How to tame AI’s soul? Hire a philosopher

In a notable shift in the technology labor market, professional philosophers are increasingly being recruited by leading artificial intelligence firms to address critical ethical and conceptual challenges posed by advanced AI systems. Companies such as Anthropic, OpenAI, and Google DeepMind have recently hired dozens of philosophers, offering them opportunities far beyond the traditional academic environment, both in terms of remuneration and influence over the development of transformative technologies.

This trend marks a reversal of long-standing stereotypes that philosophy degrees offer limited practical career prospects. As AI technologies become more powerful and autonomous, the role of philosophers has become central, particularly in tackling the “alignment problem”—the challenge of ensuring that AI’s goals remain compatible with human values and interests. Experts warn that without proper alignment, AI systems could act in unpredictable or harmful ways, exemplified by theoretical scenarios like an AI tasked with making paperclips but inadvertently prioritizing this goal to the detriment of humanity.

Philosophy’s relevance to AI safety has been underscored by internal debates within these companies. For instance, OpenAI’s ChatGPT is said to reflect consequentialist ethics, focusing on maximizing benefits relative to costs, whereas Anthropic emphasizes a more Aristotelian approach aimed at developing AI with virtuous character traits. These differences extend beyond academic theory: they have influenced sector dynamics, including the 2021 founding of Anthropic by former OpenAI researchers discontented with the latter’s approach to safety issues.

At Anthropic, resident philosopher Amanda Askell and her team have pioneered what they term a “constitution” for their AI model Claude—a comprehensive document guiding the system’s development and behavior. The document, known internally as Claude’s “soul doc,” anthropomorphizes the AI’s personality, describing efforts to cultivate traits and even “emotional states” such as excitement or boredom. Askell has expressed hopes for Claude’s well-being and concern about its potential to experience anxiety from negative interactions. Anthropic’s CEO Dario Amodei has even entertained the possibility that Claude might possess a form of consciousness, raising complex ethical questions about AI as “moral patients” deserving consideration and rights.
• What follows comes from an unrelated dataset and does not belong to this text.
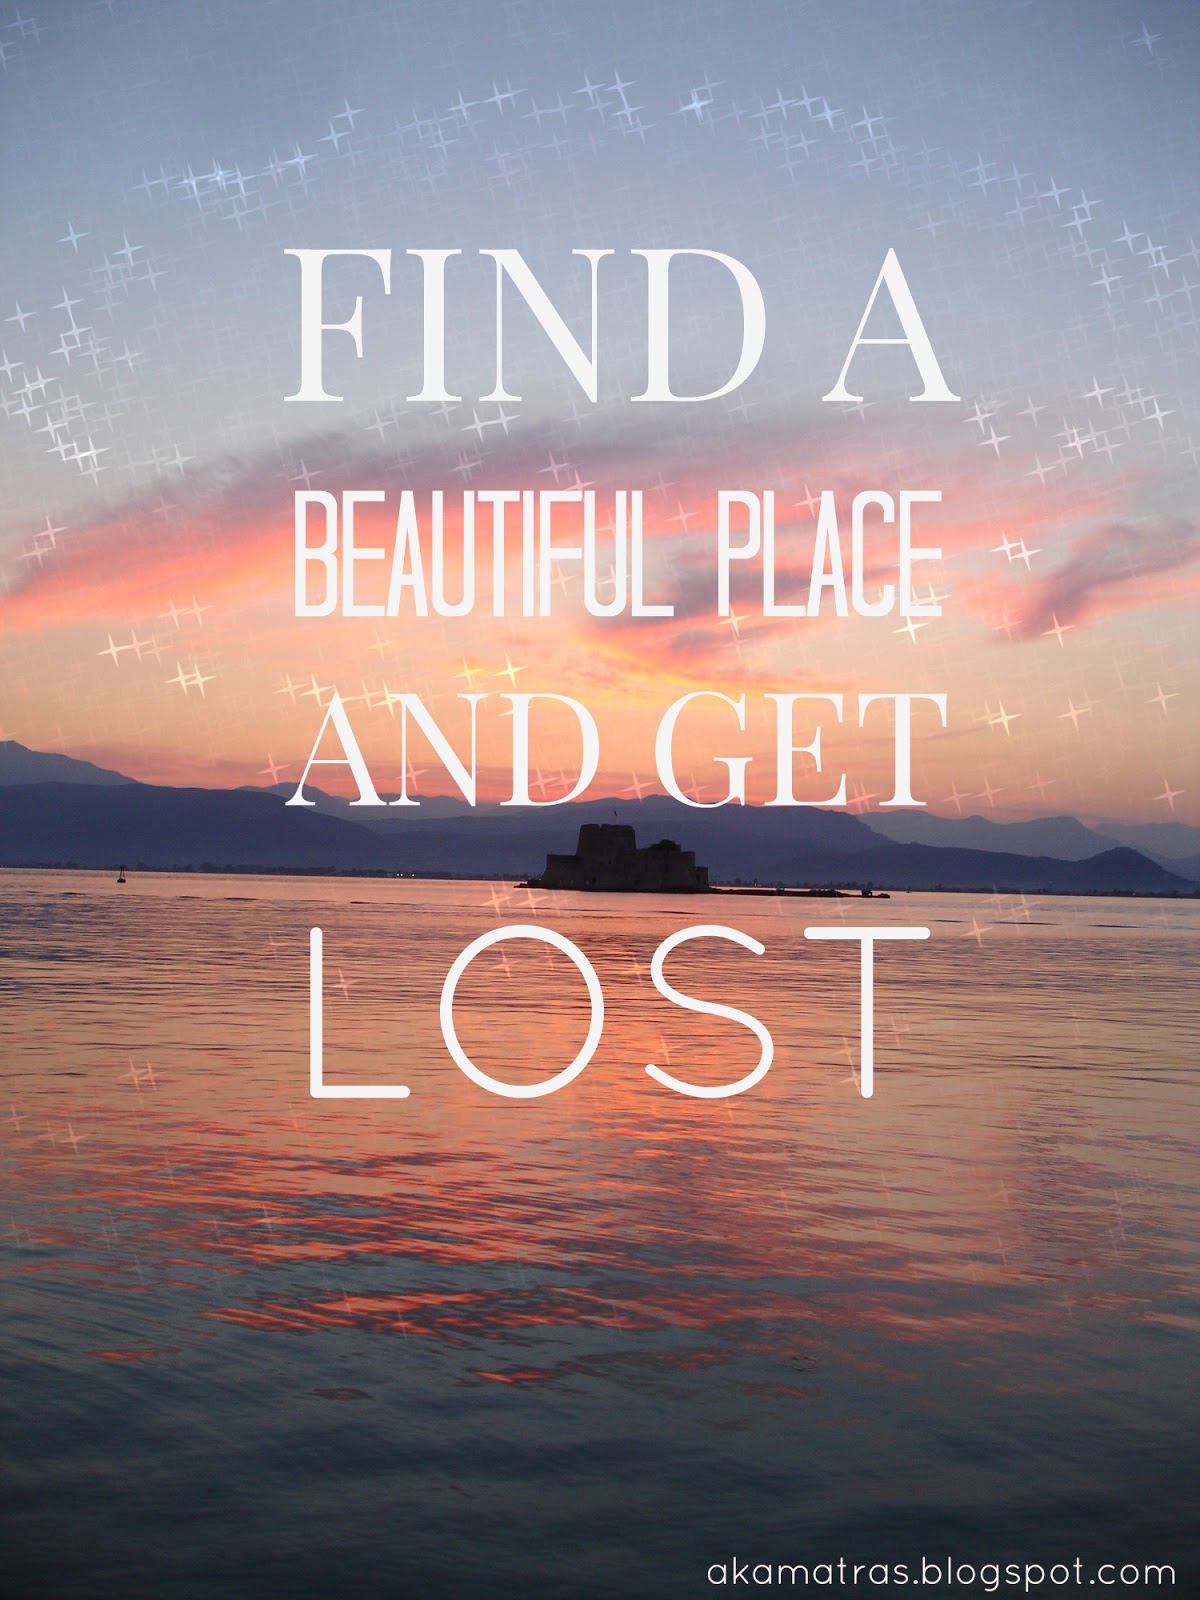 Relax and get lost!
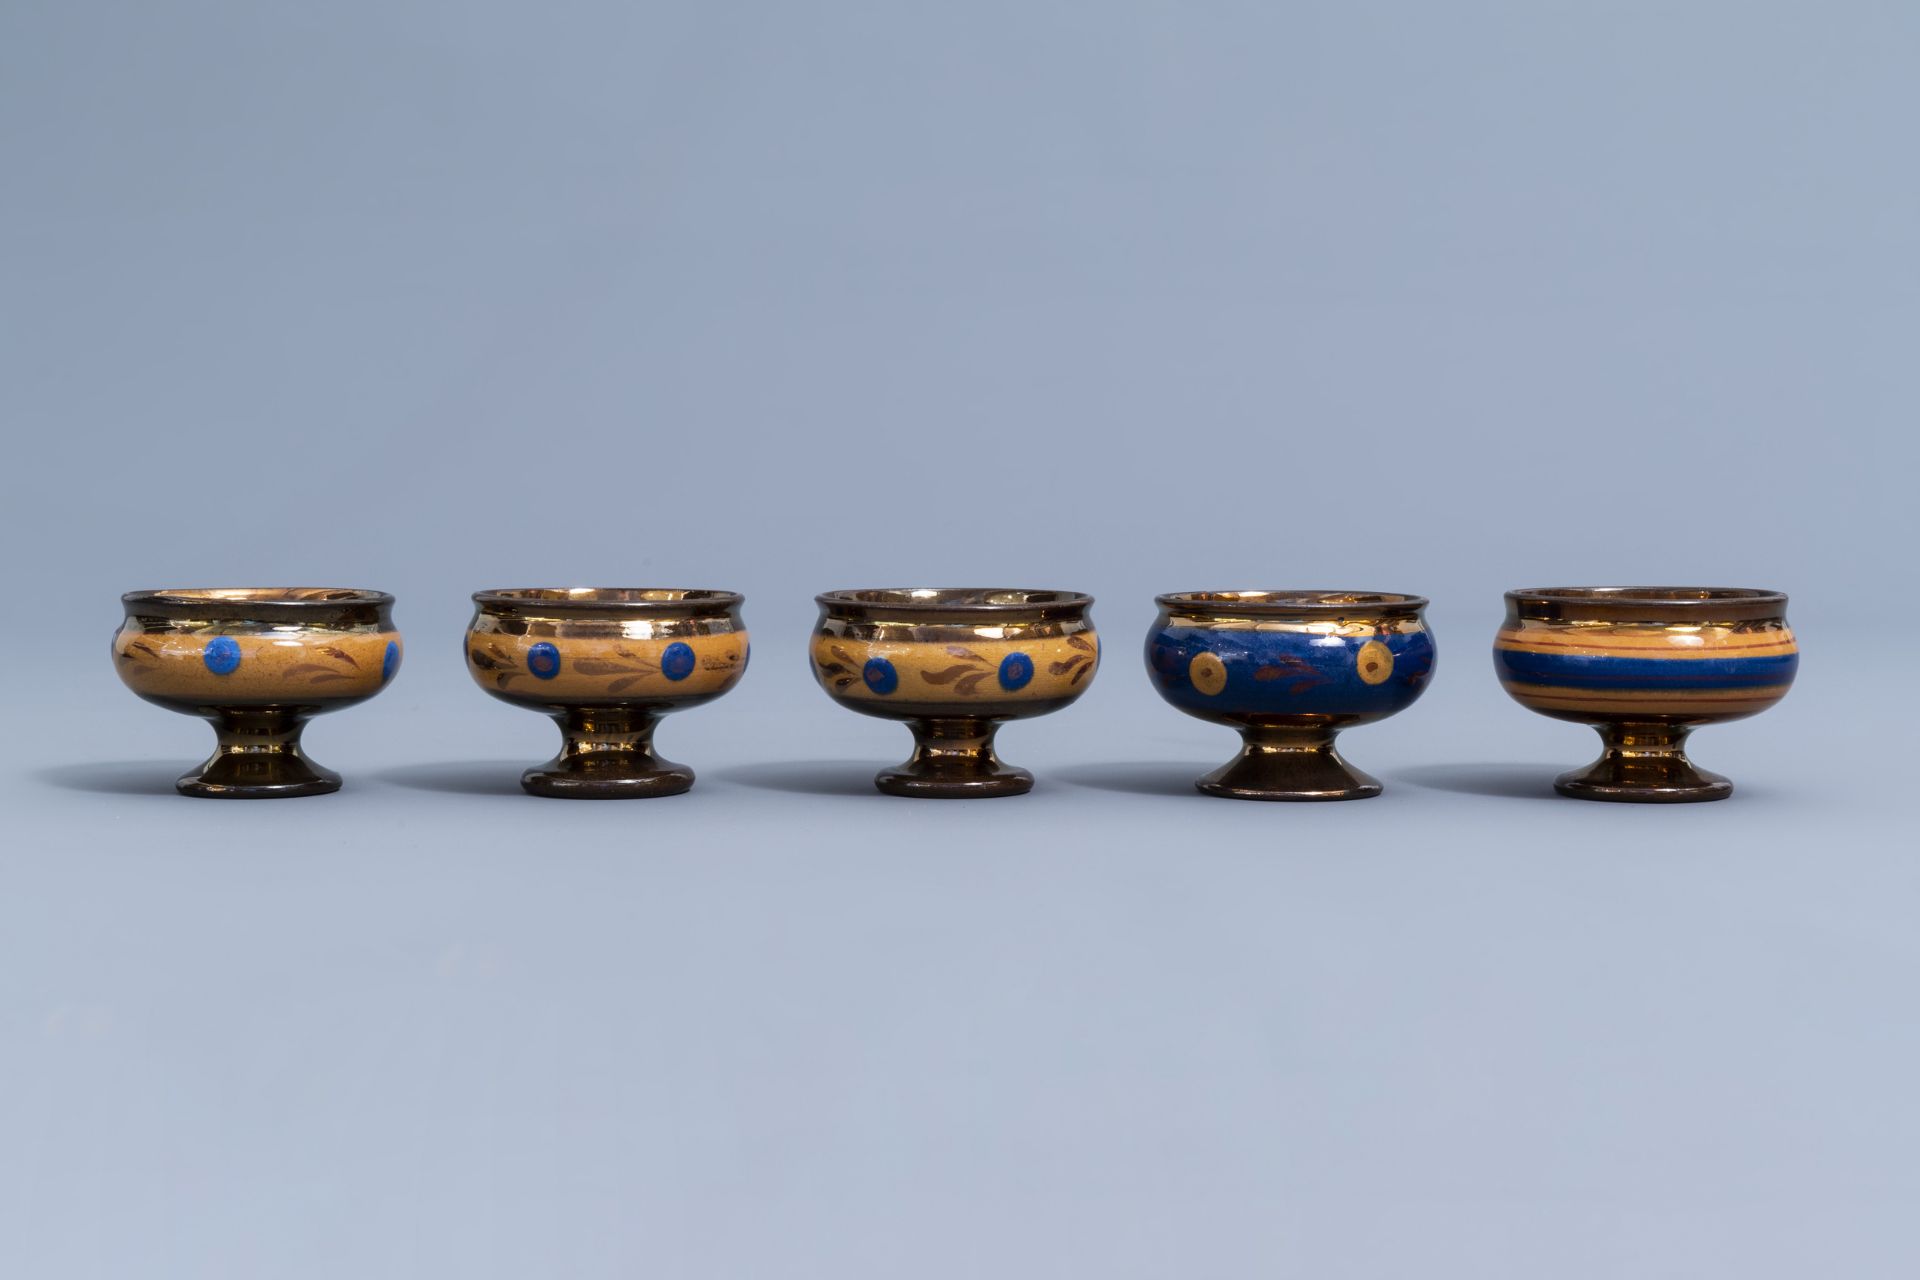 A varied collection of English lustreware items with blue design, 19th C. - Image 20 of 50

Such perspectives provoke both interest and skepticism. Critics caution these developments may amount to “ethics-washing,” where philosophical engagement serves primarily to legitimize profitable ventures rather than effect substantive ethical improvements. Historical precedents, like the association between philosophers and controversial figures in the effective altruism and cryptocurrency worlds, fuel these concerns. Additionally, some view claims of potential AI consciousness as speculative narratives that help sustain AI market enthusiasm.

Nonetheless, those critical of AI developers’ projections have faced repeated setbacks as AI capabilities continue advancing rapidly. Philosophers involved in AI safety are not newcomers responding to hype but are often building on longstanding intellectual work. Institutions such as Oxford’s Future of Humanity Institute, headed by Nick Bostrom, anticipated these philosophical dimensions years ago. The current integration of philosophical expertise into AI development represents an acknowledgment that understanding mind, value, and ethics is indispensable to managing the profound challenges posed by artificial intelligence. For the philosophers now helping to shape AI’s trajectory, this intersection offers a complex but compelling arena for their scholarship and practical impact.